‘In God We Trust’ to be displayed in Hancock County Schools

NEW DISPLAY — Hancock County Superintendent Dan Enich shows a mockup of a poster the district soon will be displaying throughout the school system’s buildings. The poster is required under a new state law. -- Craig Howell
NEW CUMBERLAND — In following a new state code, all buildings within the Hancock County Schools system soon will include signage displaying the words “In God We Trust.”
Introduced in February by state Sen. Mike Azinger, R-Wood, Senate Bill 280 amended state code to require the phrase — designated as the official national motto of the United States in 1956 — to be put on display in the state’s public schools.
The bill was fully approved by both houses of the Legislature and signed by Gov. Patrick Morrisey in April.
“It’s required in all schools in West Virginia,” Hancock County Schools Superintendent Dan Enich said during Monday’s meeting of the Hancock County Board of Education, at which time he unveiled a mockup of the signage to be displayed in the county.

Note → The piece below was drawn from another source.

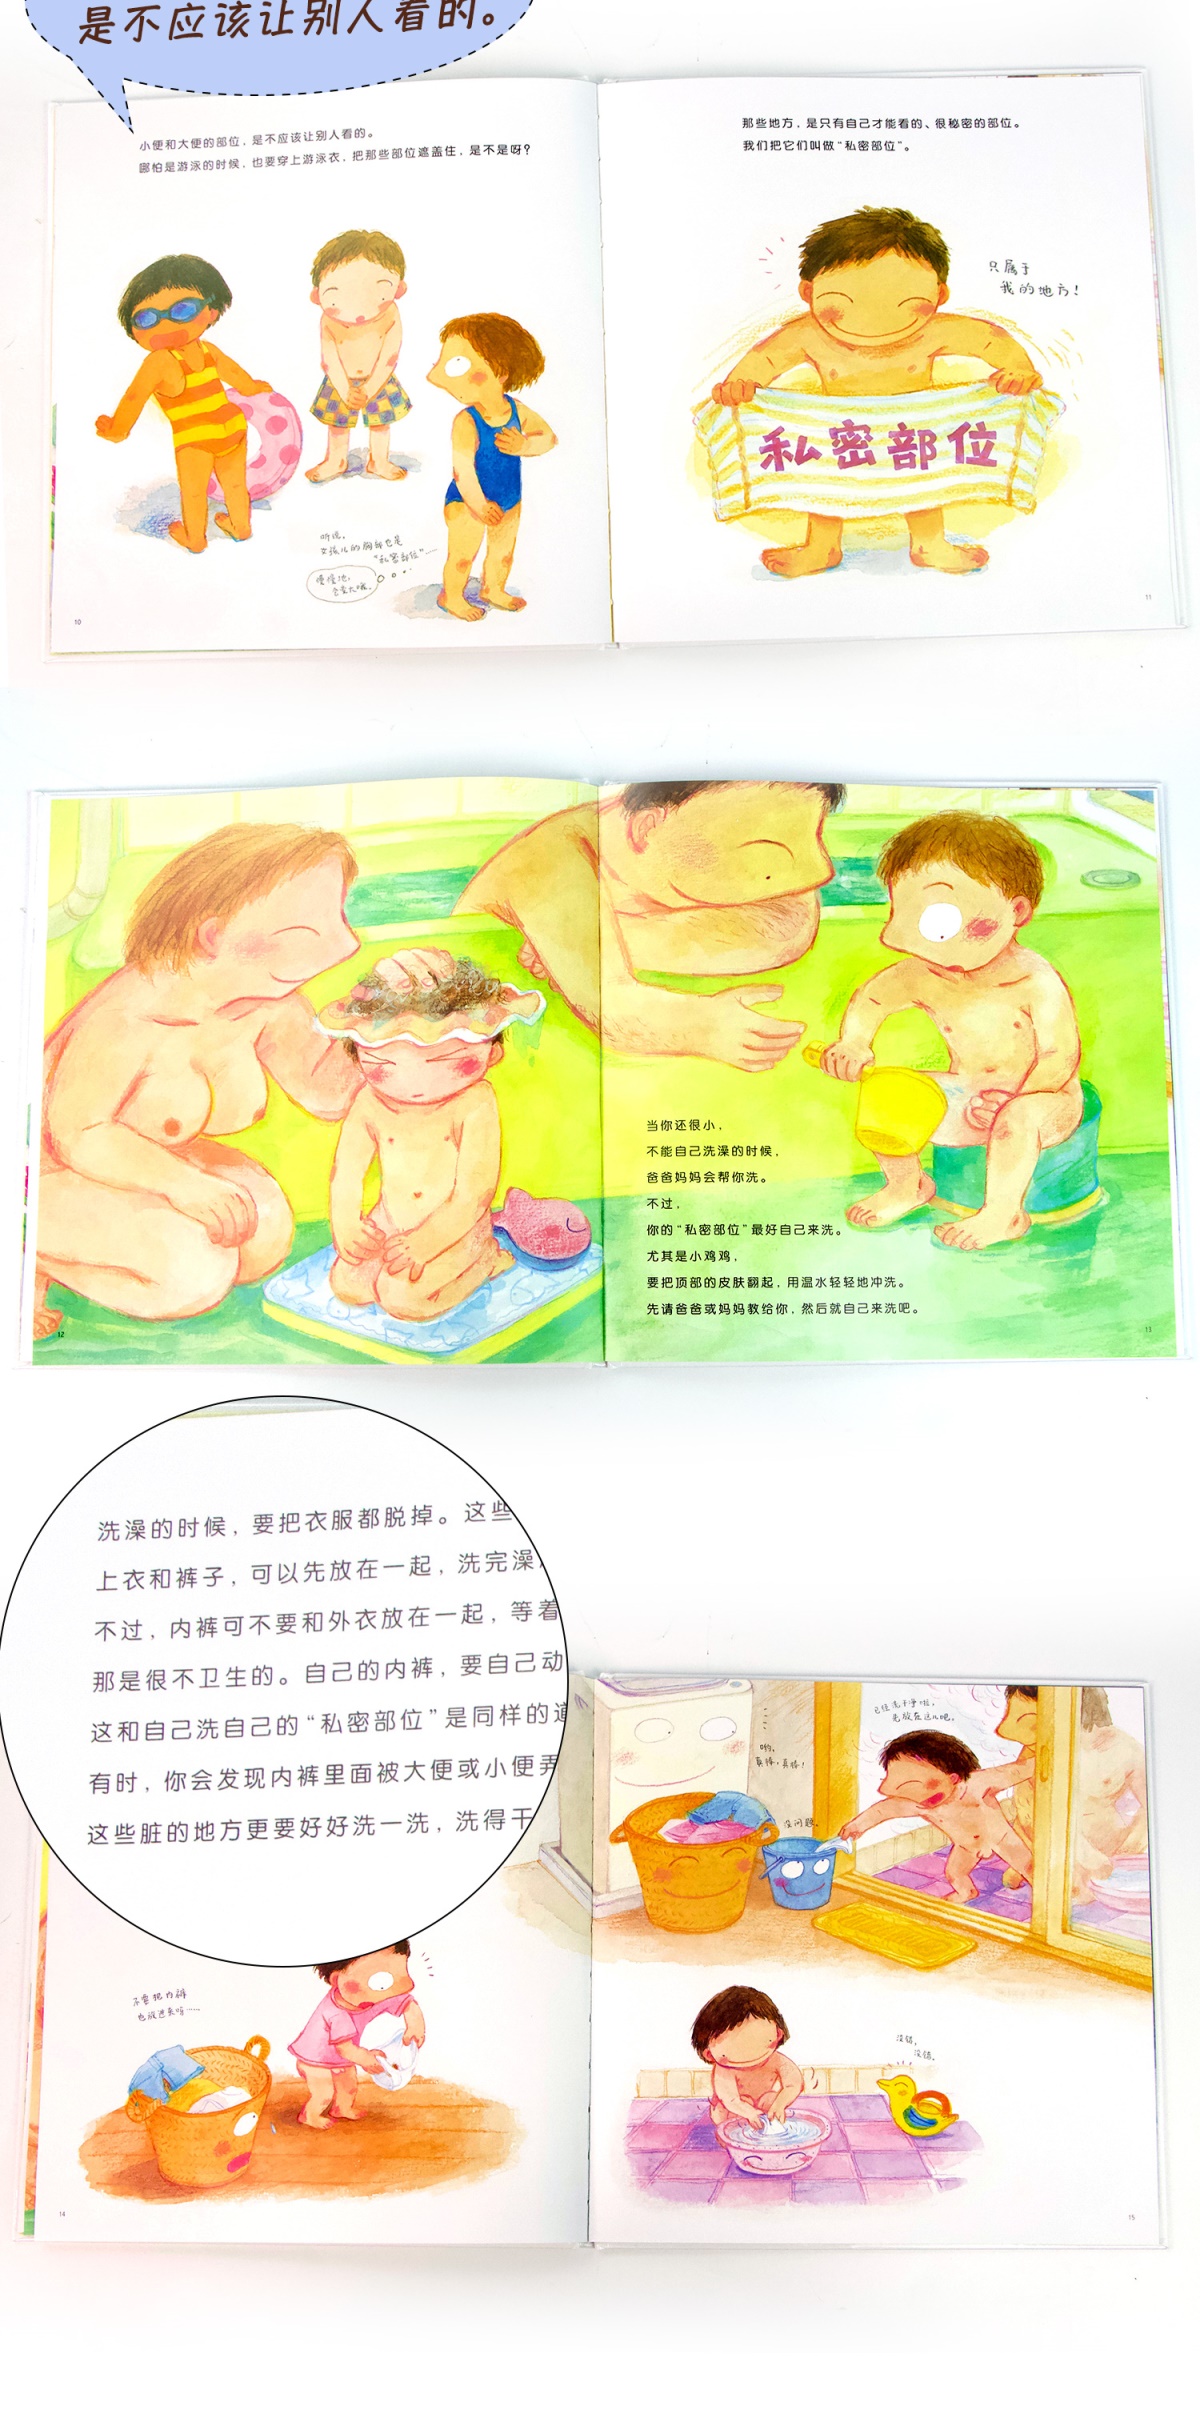 小鸡鸡的故事精蒲蒲兰儿童绘本漫画0356789少低幼性启蒙教育儿童文学
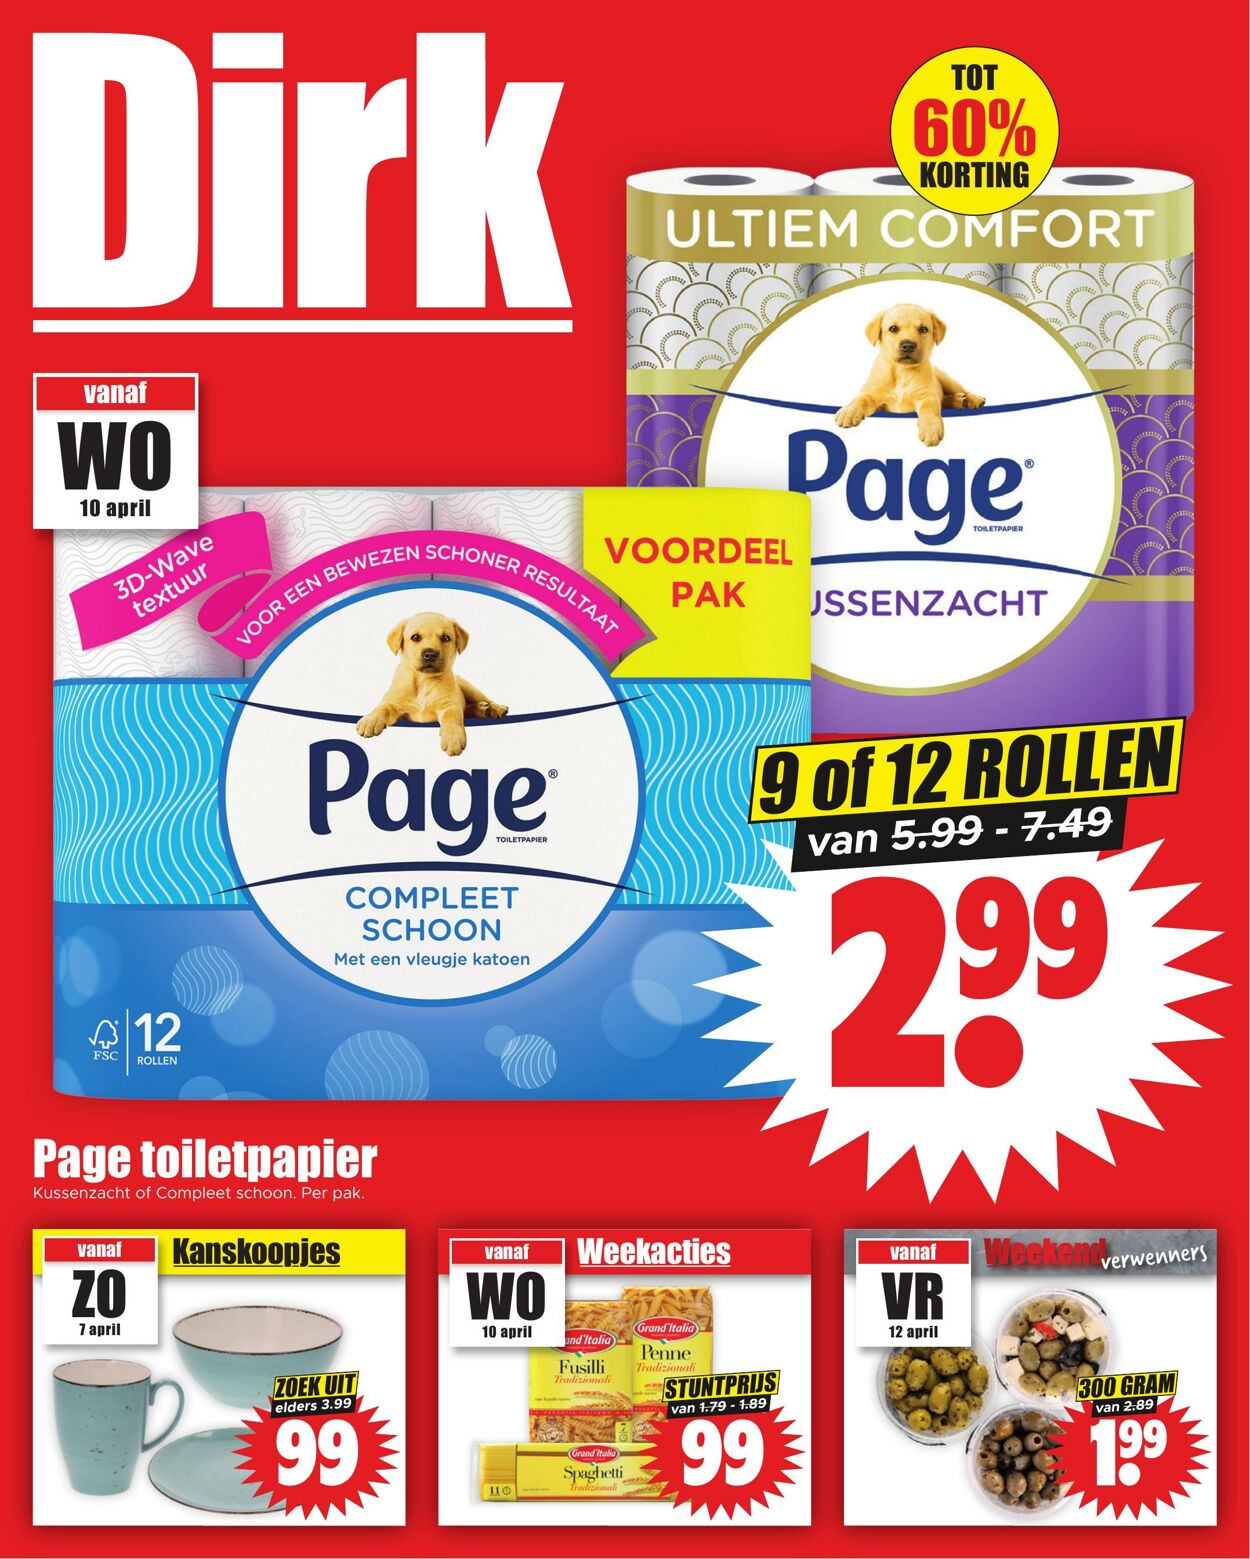 Folder Dirk - Dirk Folder Horizontaal - aanbiedingen wo-do - Pagina 1 10 apr., 2024 - 16 apr., 2024

SB 280 requires “public elementary and secondary schools and state institutions of higher education to display in a conspicuous location within a common area of the main building or similar location in another building a durable poster or framed copy of the United States motto, ‘In God We Trust’.”
“It has to be in a prominent location in every school,” Enich said.
The text of the bill requires “the poster or framed copy of the national motto described in this section is a minimum of 8.5 by 11 inches, and shall contain a representation of the United States flag centered under the national motto and may not depict any other words, images or other information.”
No public funds can be used to meet the requirements, but school districts are permitted to accept private donations to cover their costs.
The same requirements also apply to colleges and universities and public charter schools in West Virginia.